Это было его ошибкой.
— Стоять! Или я сейчас выбегу в коридор и закричу, что ты хочешь меня изнасиловать. У меня громкий пронзительный голос. На него сбежится весь вагон. И люди увидят, что моя кофточка расстегнута, а ты дрожащими руками натягиваешь брюки. А что, если на них заест молнию? Как думаешь, Альфонс, кому поверит полиция? Я скажу, что ты предложил мне немного выпить, а потом набросился на меня. Это будет стоить тебе по меньшей мере работы.

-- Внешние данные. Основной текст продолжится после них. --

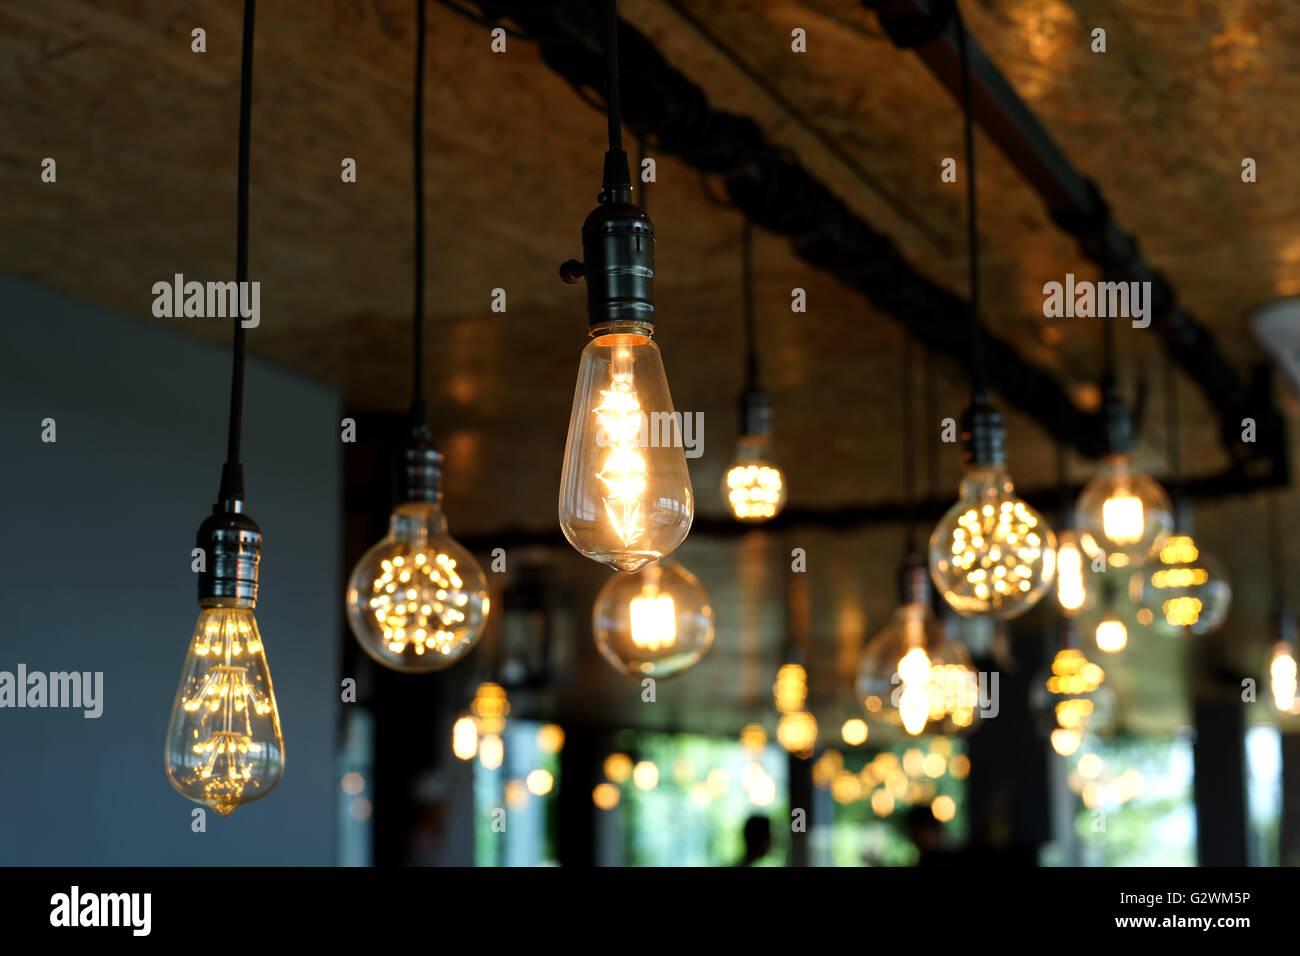 Decorative antique tungsten light bulbs hanging on ceiling stock decorative antique tungsten light bulbs hanging on ceiling aloadofball Image collections
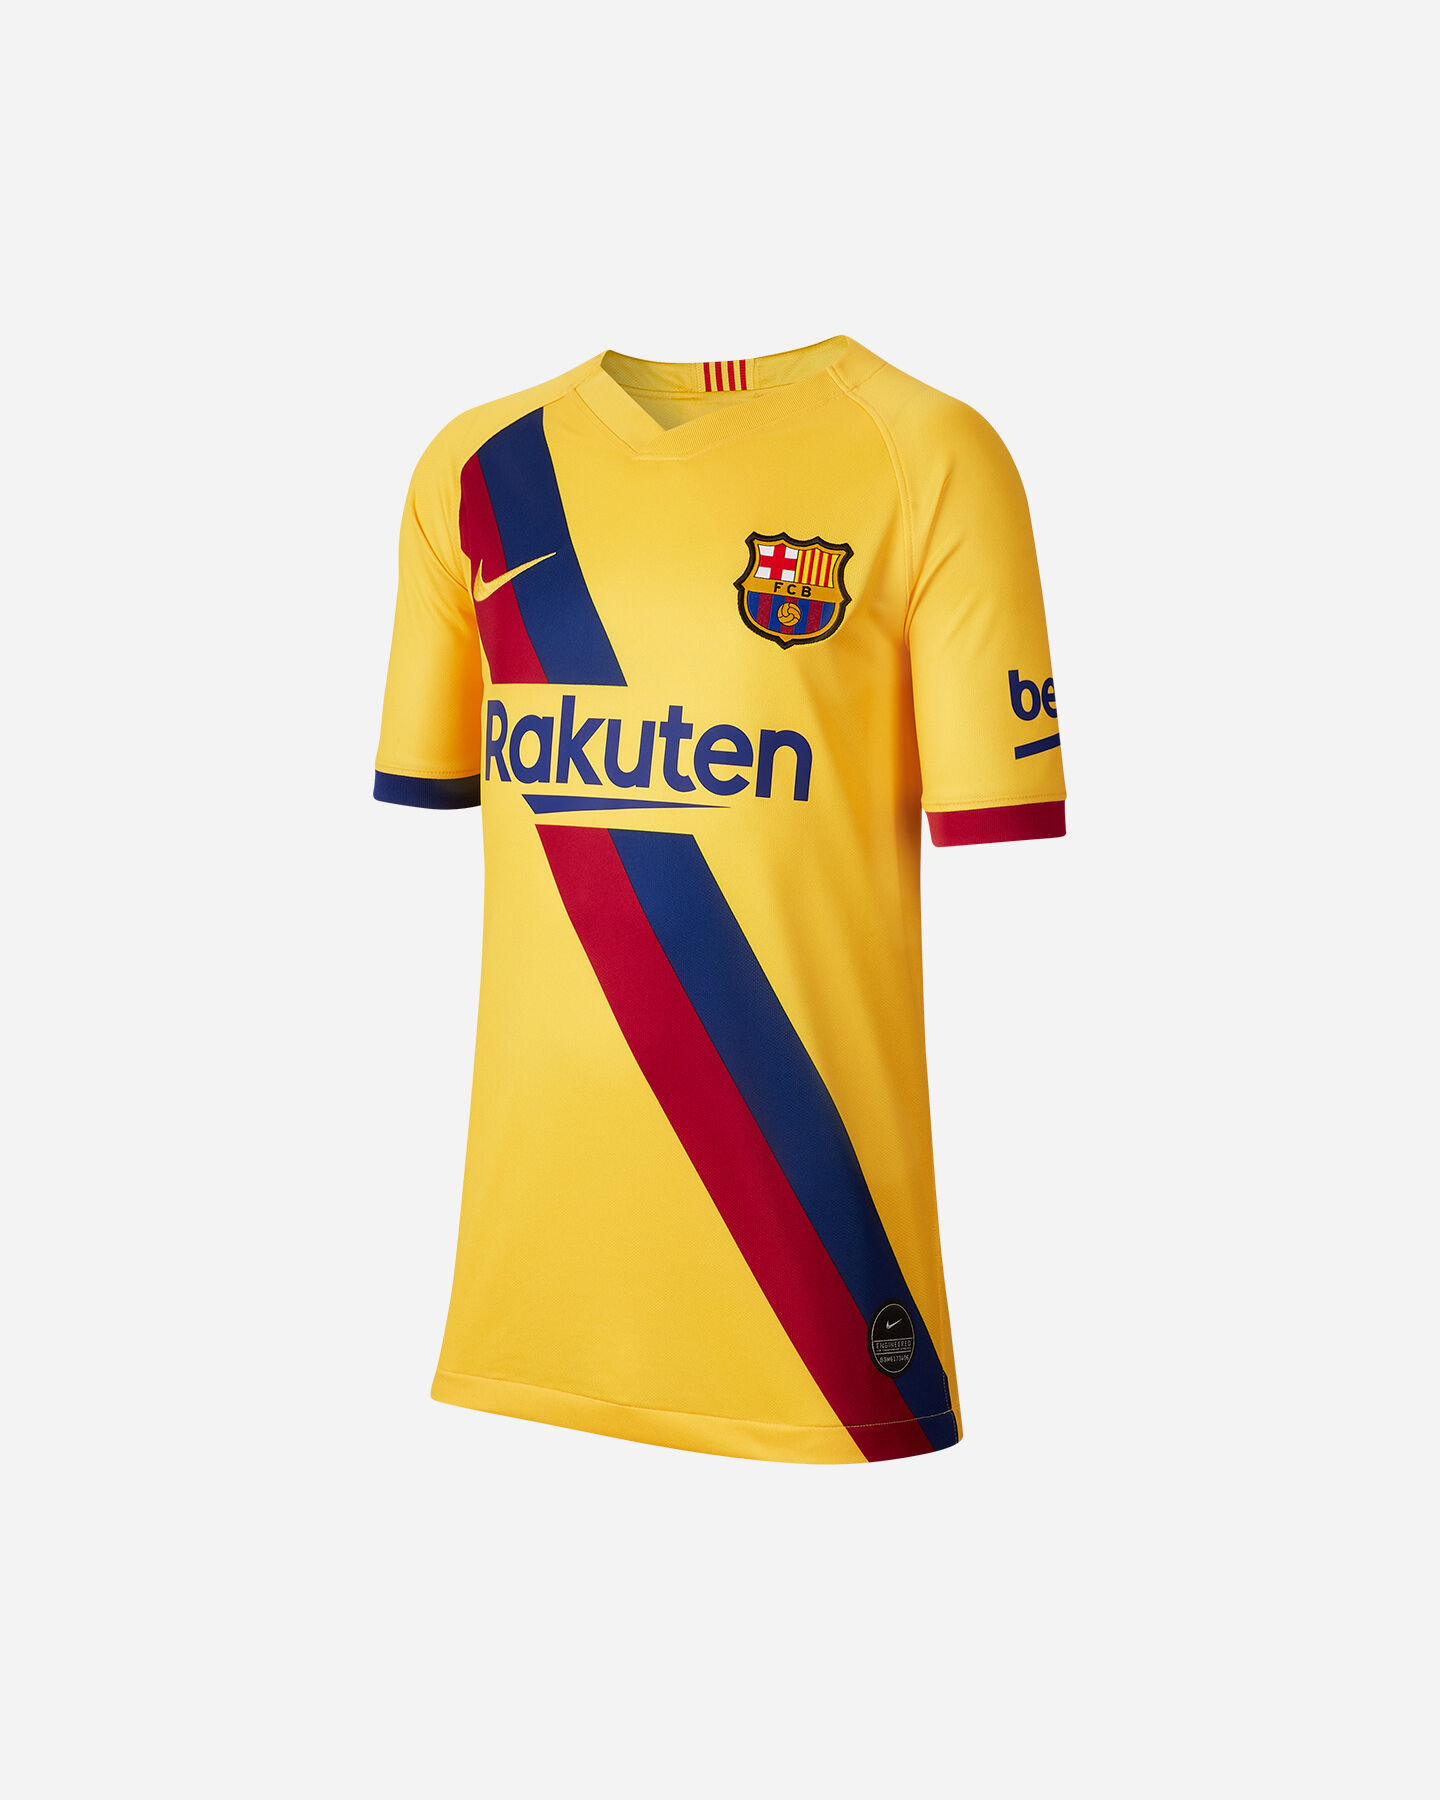 Yushoe Maglia da Uomo Barcelona Jersey Men Shirt 20-21 Home And ...

Я вела нечестную игру, но она мне нравилась. Альфонсу, по-видимому, было трудно следить за ходом моей мысли, хотя я старалась говорить попроще и не употребляла условного наклонения. В одном я была совершенно уверена: образ женщины в представлении Альфонса претерпел кардинальные изменения. Он не знал, осуществлю ли я свои угрозы, но тем не менее попятился к окну. Ярость и страх мешали проводнику отчетливо мыслить.
— Крыса!..
Я положила нож в карман и взглянула на часы:
— До Базеля осталось десять минут, скоро я разрешу тебе надеть штаны. Не двигайся, я все равно опережу тебя и успею выскочить в коридор и закричать…
— Хорошо.
Он осторожно положил фотоаппарат на кровать. Я с удовольствием сделала бы снимок на память, но это было бы уже слишком. Выражение самоуверенности исчезло с его лица, однако это был тот же самый Альфонс, проводник поезда, прятавший в своем шкафу порнографические журналы и грубо обращавшийся с пассажирами второго класса, которые по ошибке пытались сесть в его вагон. Конечно, с моей стороны было бы глупо выдавать себя за Робин Гуда, хотя, думаю, Клара аплодировала бы мне, будь она свидетельницей этой сцены. У нее сложилось совершенно абсурдное представление о справедливости.
Поезд замедлил ход, мы приближались к Базелю, и я вежливо попросила Альфонса закрыть мой чемодан и поставить его возле двери. Я застегнула блузку и надела куртку. В поезд вошли таможенники, и я разрешила проводнику надеть брюки.
Я вышла в Базеле, безобразном городе, где пахнет химией. Заспанные пассажиры выглядели угрюмыми в утренних сумерках, и мое задорное посвистывание действовало им на нервы. Они считали меня чокнутой. На швейцарских вокзалах не свистят, особенно хмурым ранним утром. Я чувствовала себя усталой, но довольной. Очень хотелось выпить чашечку кофе. Я не собиралась задерживаться в Швейцарии и решила сесть на ближайший поезд, чтобы продолжить путь в Италию. Страна, в которой законом запрещается пользоваться душем после двадцати трех часов, казалась мне подходящим местом для княгини фон Изенберг.
Последние обращенные ко мне слова Альфонса никак нельзя назвать приветливыми.
— Я еще доберусь до тебя, шлюха! — процедил он сквозь зубы, когда я кивнула ему, проходя мимо по платформе.
Мужчины не умеют красиво проигрывать.